- [What you should do]: One exact copy of the listing, minus the images, is the required answer.

══ Exercise data

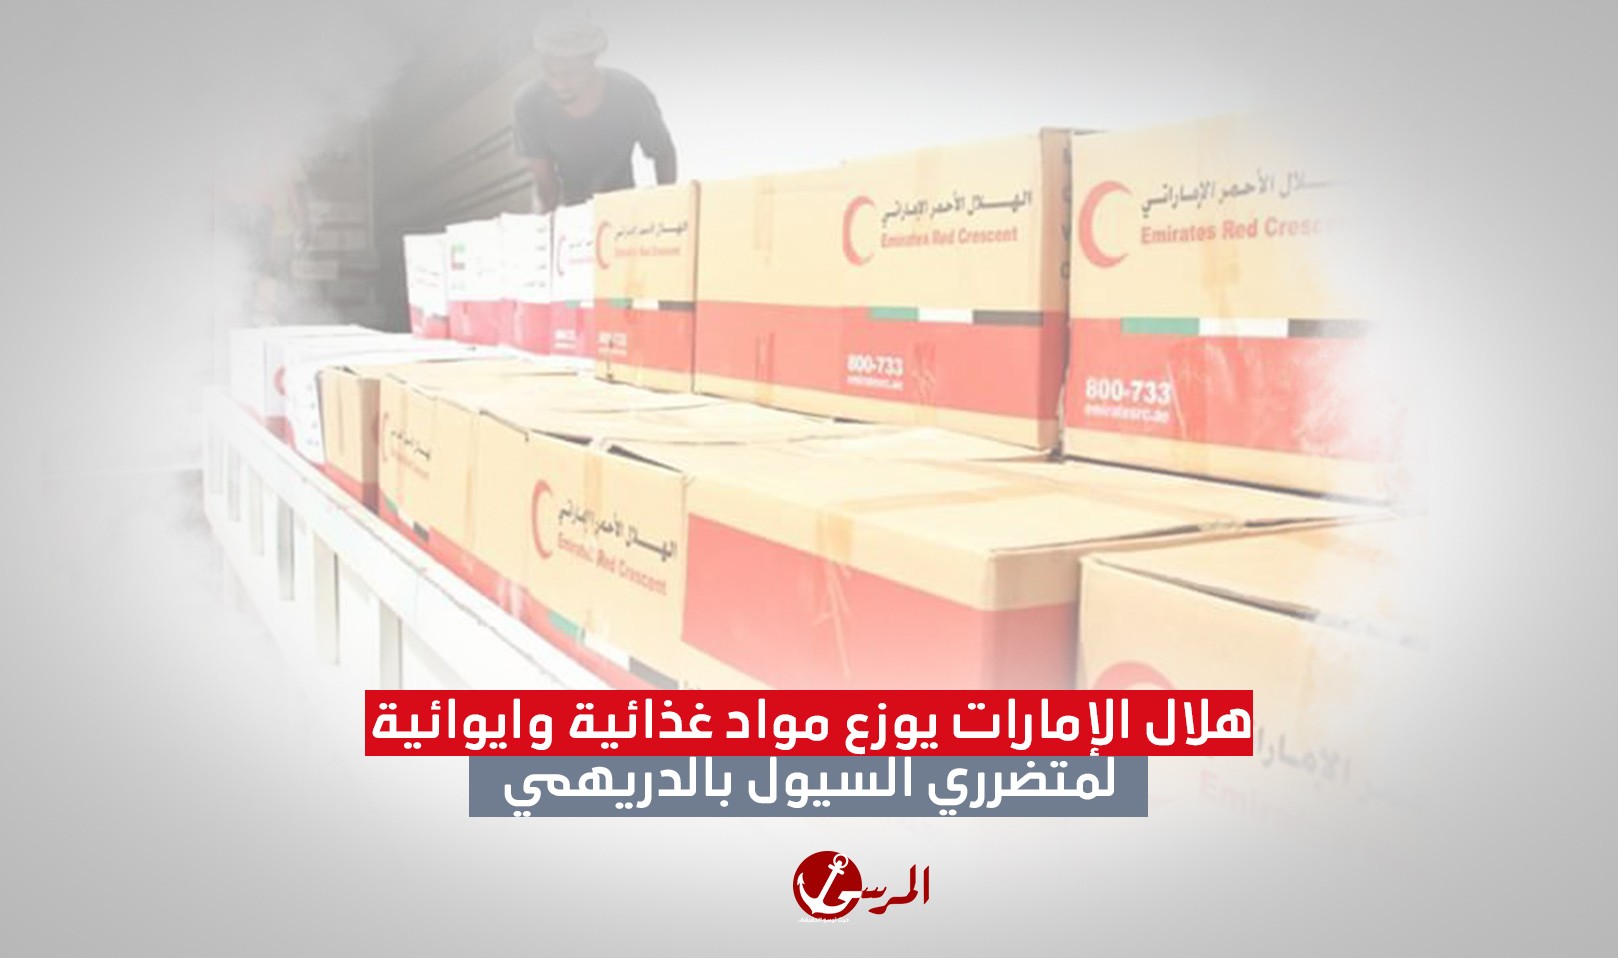 هلال الإمارات يوزع مواد غذائية وايوائية لمتضرري السيول بالدريهمي
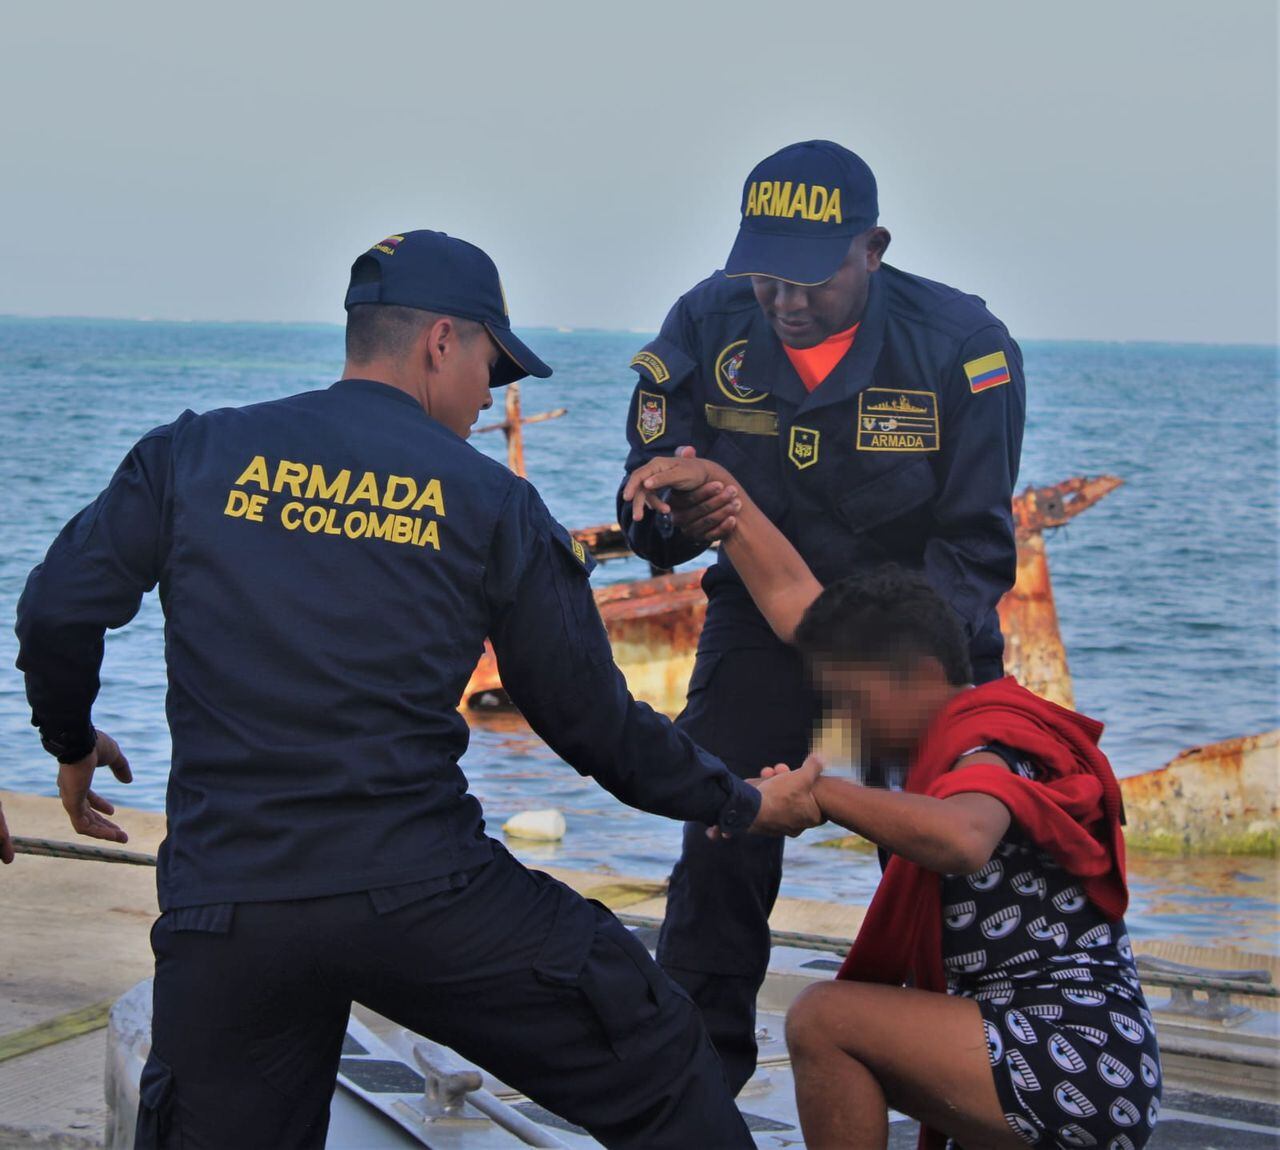 La Armada realiza constantes operativos en el mar tras el incremento de la migración irregular en el país.
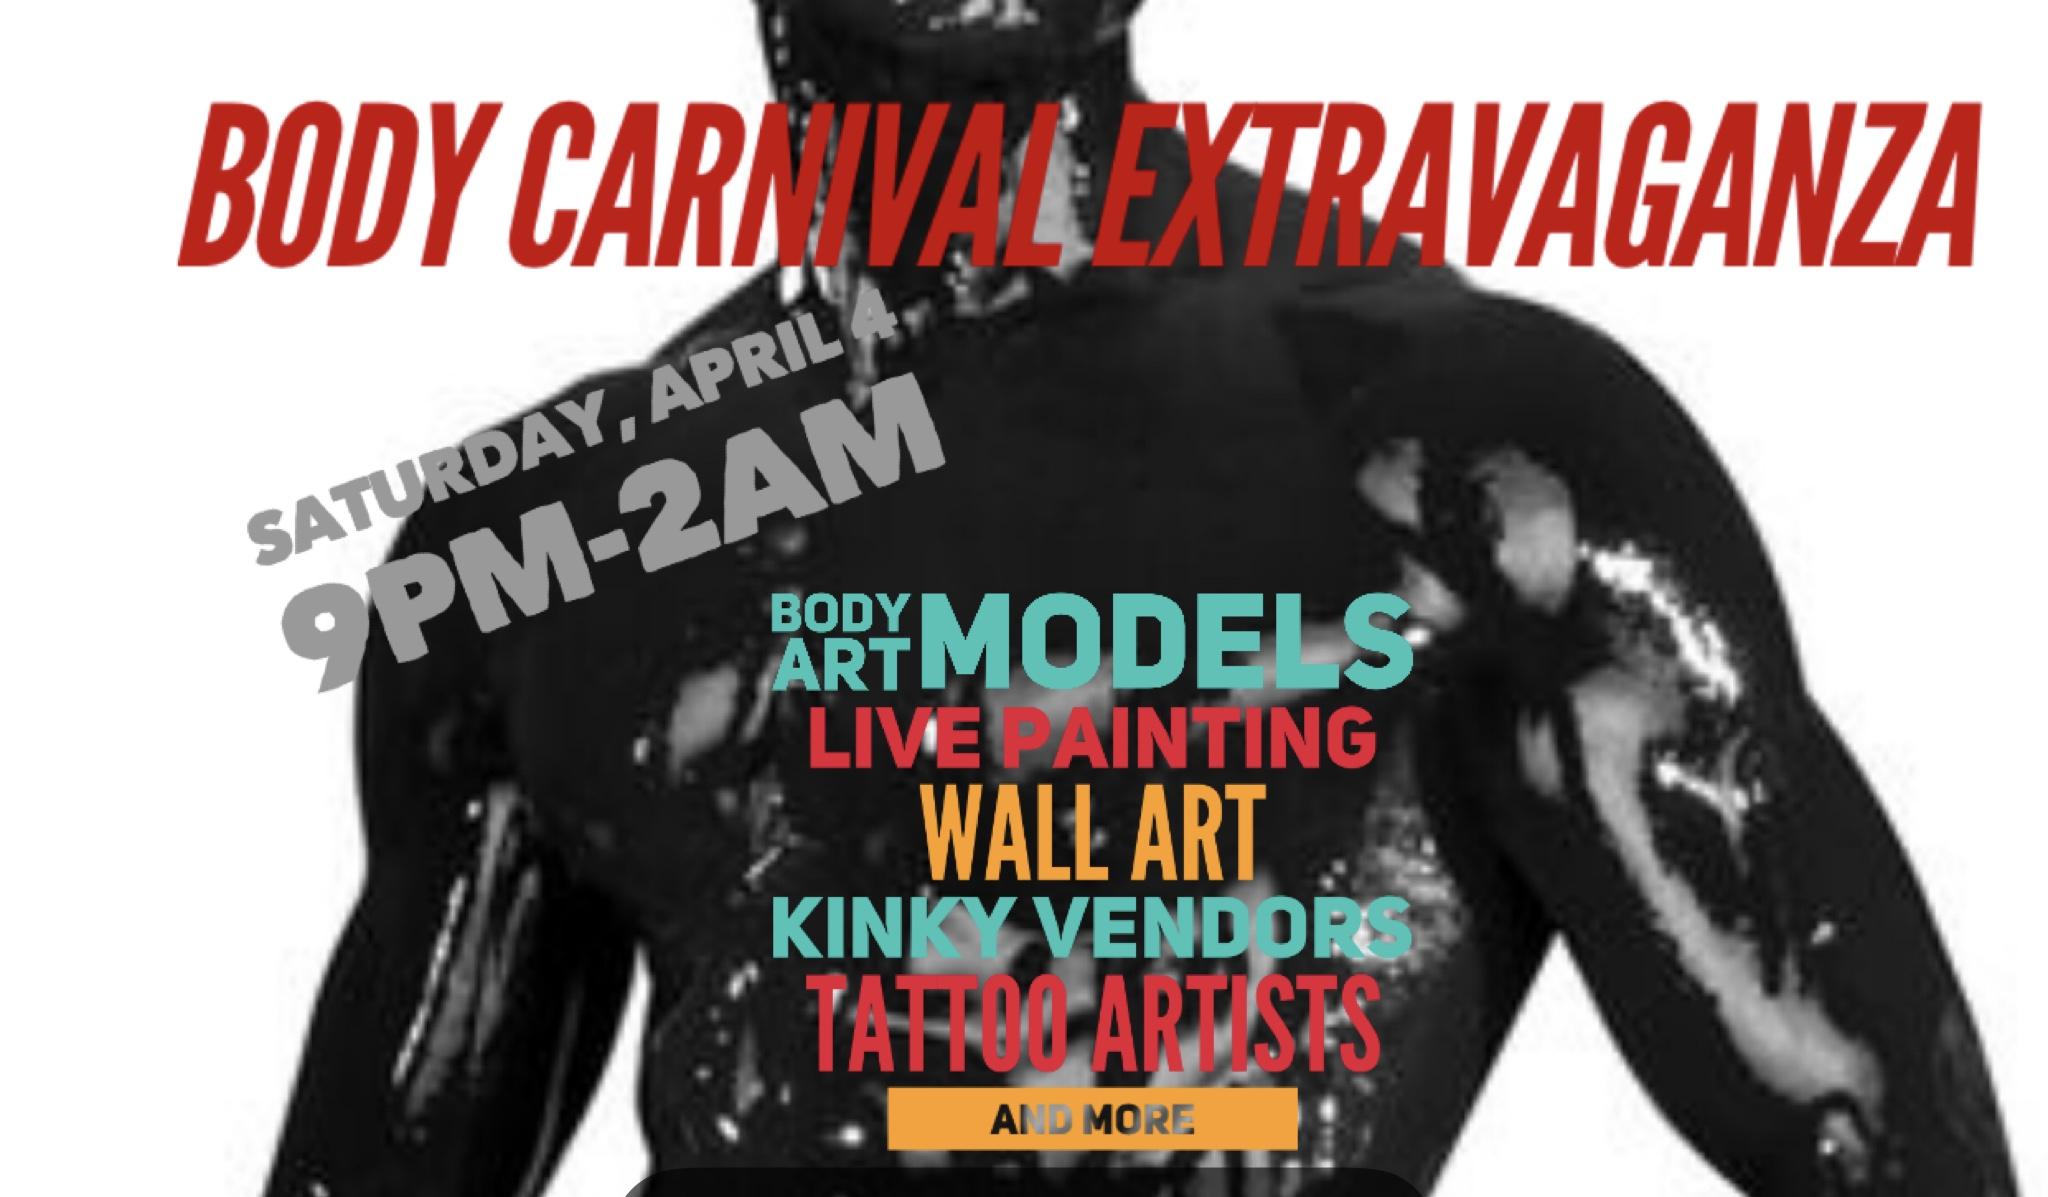 Body Carnival Extravaganza

════

- [Solution below]:
 هلال الإمارات يوزع مواد غذائية وايوائية لمتضرري السيول بالدريهمي
 La Armada realiza constantes operativos en el mar tras el incremento de la migración irregular en el país.
 Body Carnival Extravaganza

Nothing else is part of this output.